Après une visite au musée du Prado, où M. Semprun père emmenait ses fils le dimanche, et où plus tard, Jorge Semprun a croisé, sans le savoir, Nicolas de Staël, je m'engageai dans des rues proches, un quadrilatère, entre le Paseo del Prado, la plaza de la Lealtad - la place de la Loyauté - et le parc du Retiro : calle de Alfonso XI, calle Juan de Mena, calle Antonio Maura. Jorge Semprun, né le 10 décembre 1923, passa son enfance dans ce quartier de la Salamanca, construit à la fin du 19ème siècle, aux rues rectilignes, où les immeubles ont des bow-windows côté rue Juan de Mena et des balcons côté rue Alfonso XI. Jorge Semprun avait plus de souvenirs que s'il avait eu mille ans : l'enfance au 12 calle Alfonso XI, les leçons d'allemand inculquées à domicile par des institutrices venues d'outre-Rhin, les visites dominicales au musée du Prado tout proche (Velasquez, Goya), l'épicerie Cuenllas, la pharmacie de la rue Juan de Mena, le parc du Retiro et son allée des Statues, les aléas que connaissait l'Espagne (révoltes aux Asturies, fusillade place de la Cibeles), je voulais marcher sur les pas de Jorge Semprun, voir l'immeuble qu'il dut quitter précipitamment avec sa famille en 1936 et qu'il ne revit que dans les années 50, quand il s'appelait Larrea ou Sanchez, sans pouvoir y entrer pour ne pas être démasqué, lui le clandestin, lui qui se fit passer auprès d'Ernest Hemingway pour un étudiant en sociologie dans un restaurant, El Callejon, où on sert toujours un cocido, je ne vous dis que cela...

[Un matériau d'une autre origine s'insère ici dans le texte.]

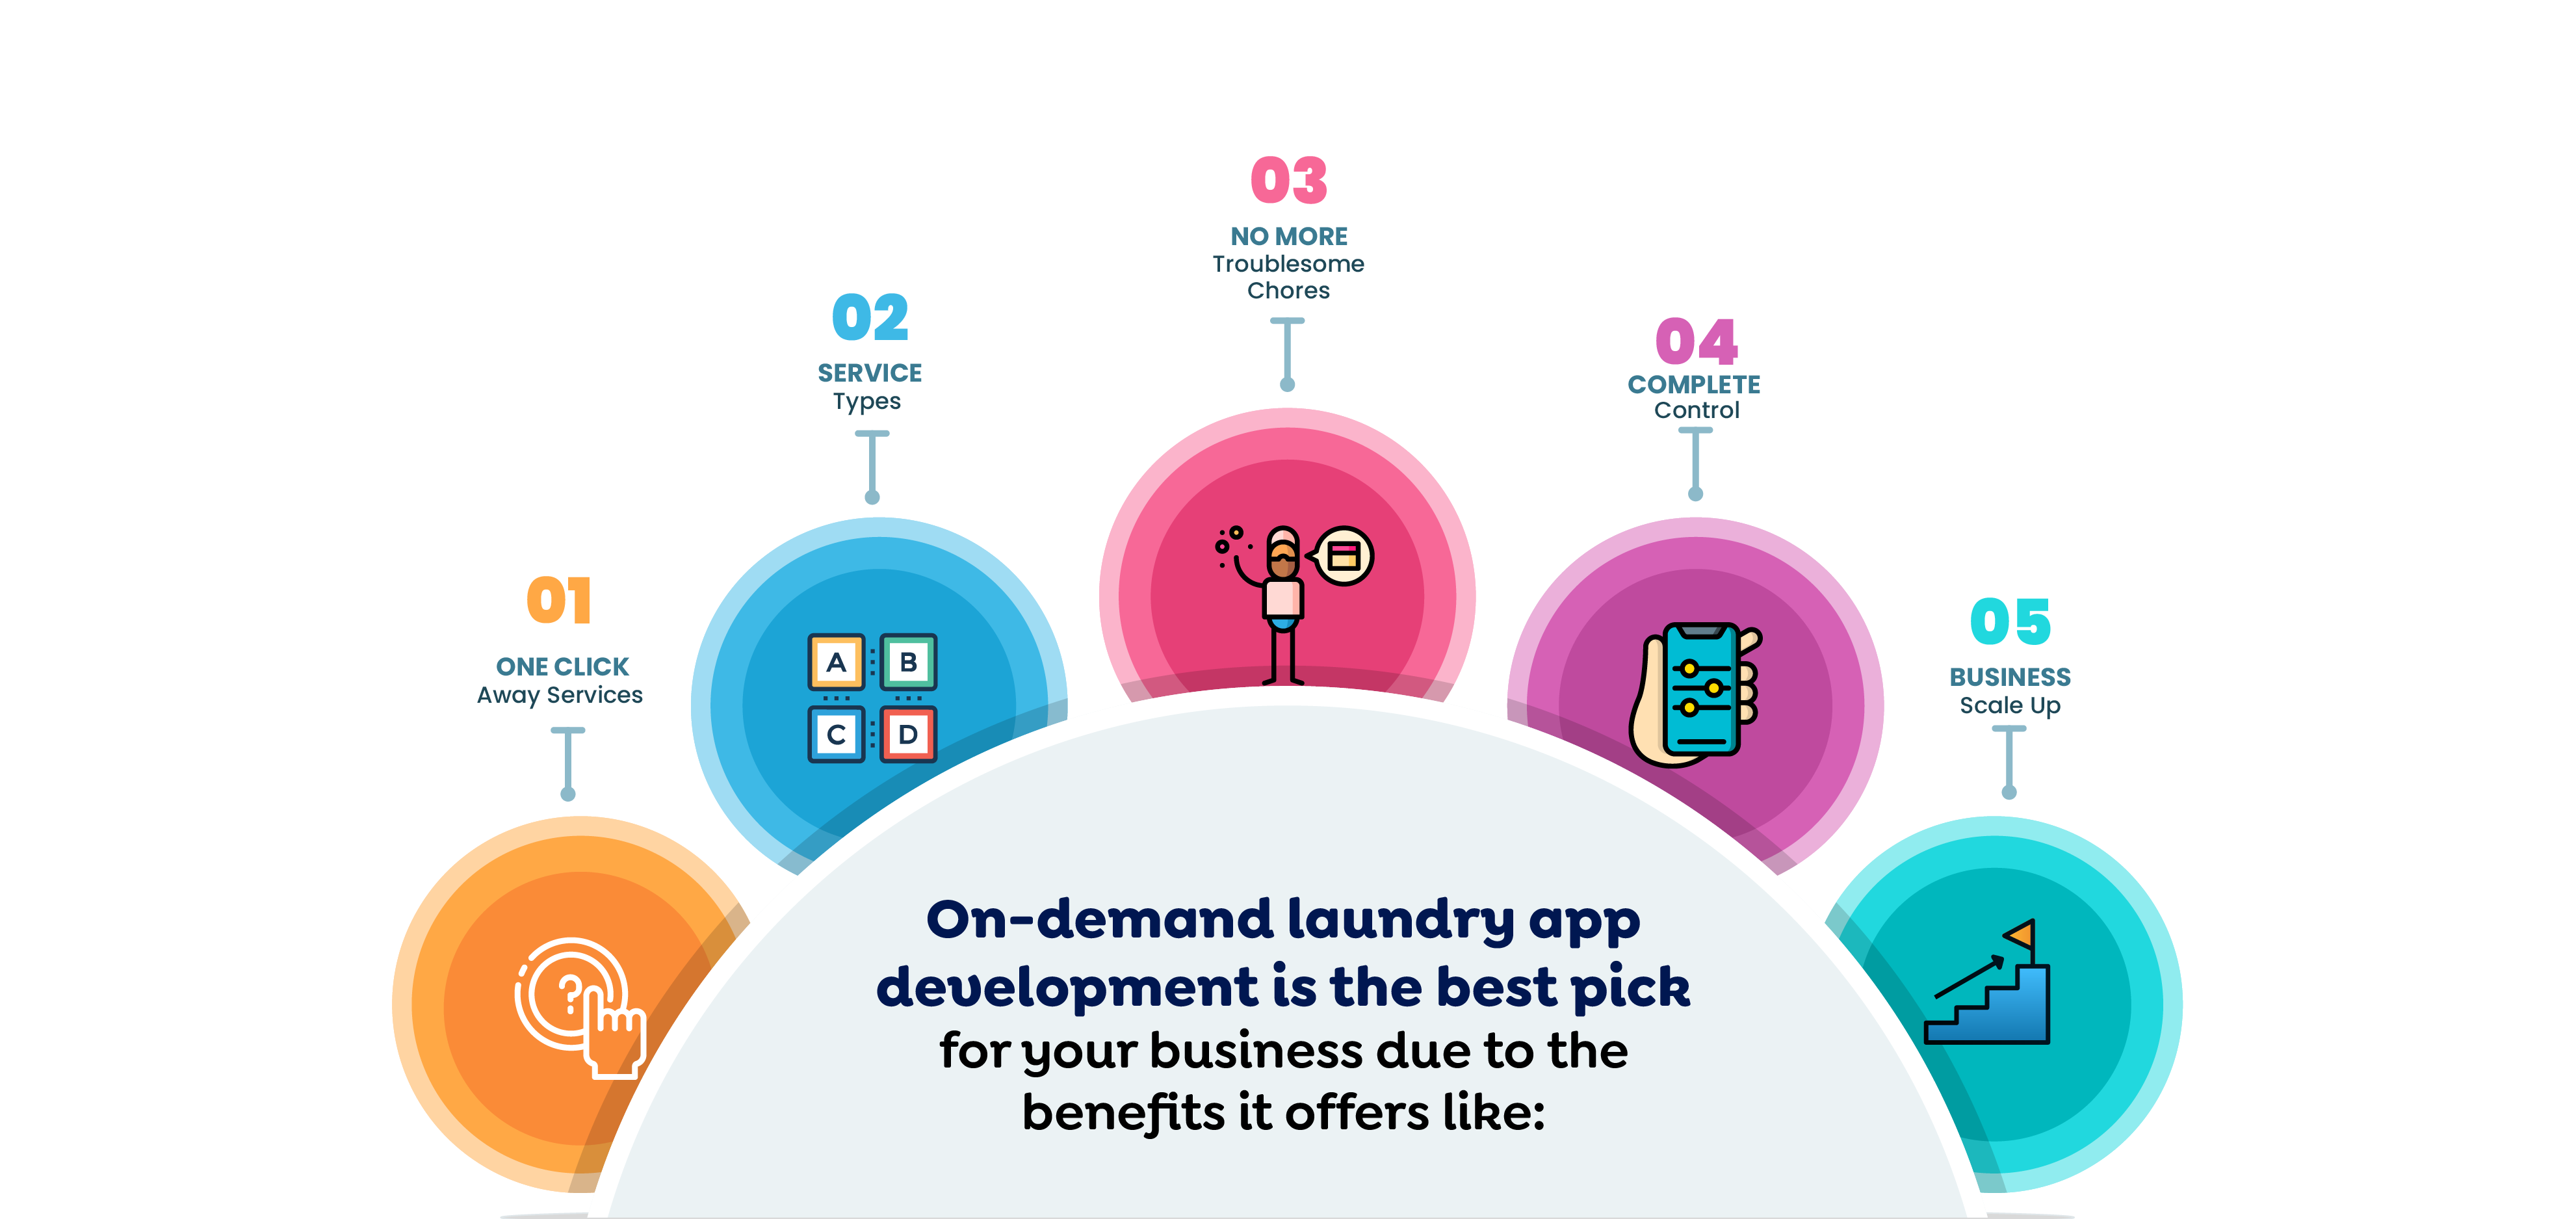 On-demand laundry app development is the best pick for your business due to the benefits it offers like

Deux quartiers me rappellent la présence de Jorge Semprun, celui de la Salamanca à Madrid bien sûr, et le Quartier Latin à Paris, plus précisément au coin du boulevard Saint Michel et de la rue Soufflot, un coin de rue avec un kiosque à journaux qui déversent son lot de nouvelles plus mauvaises que bonnes. Jorge Semprun a quinze ans, l'âge où l'on pourrait être insouciant, l'âge de tous les espoirs, mais pour lui, celui de toutes les préoccupations, les nouvelles en provenance d'Espagne n'étant pas bonnes : "En sortant du lycée, j'avais acheté Ce Soir au premier kiosque venu, celui qui se trouvait au croisement de la rue Soufflot et du boulevard, devant chez Capoulade. (...) En mars, à la fin du mois de mars, j'étais seul et Madrid était tombée. Je lisais le titre de Ce Soir et des larmes me montaient aux yeux. Une colère sombre, aussi du coeur, impuissante mais rageuse. Madrid était tombée et j'étais seul, foudroyé, le journal déployé devant mes yeux aveuglés par des larmes montées du tréfonds de l'enfance." Cinq mois plus tard, le même kiosque, les mêmes journaux, les mêmes nouvelles, mais les nouvelles le sont-elles vraiment ? : "Le 3 septembre 1939, j'étais boulevard Saint-Michel, au coin de la rue Soufflot, devant le kiosque à journaux, en face de chez Capoulade. N'ayant plus à craindre des hostilités sur deux fronts, après son pacte avec Staline, Hitler avait envoyé ses divisions blindées à l'assaut de la Pologne. L'Angleterre et la France venaient de lui déclarer la guerre." (1)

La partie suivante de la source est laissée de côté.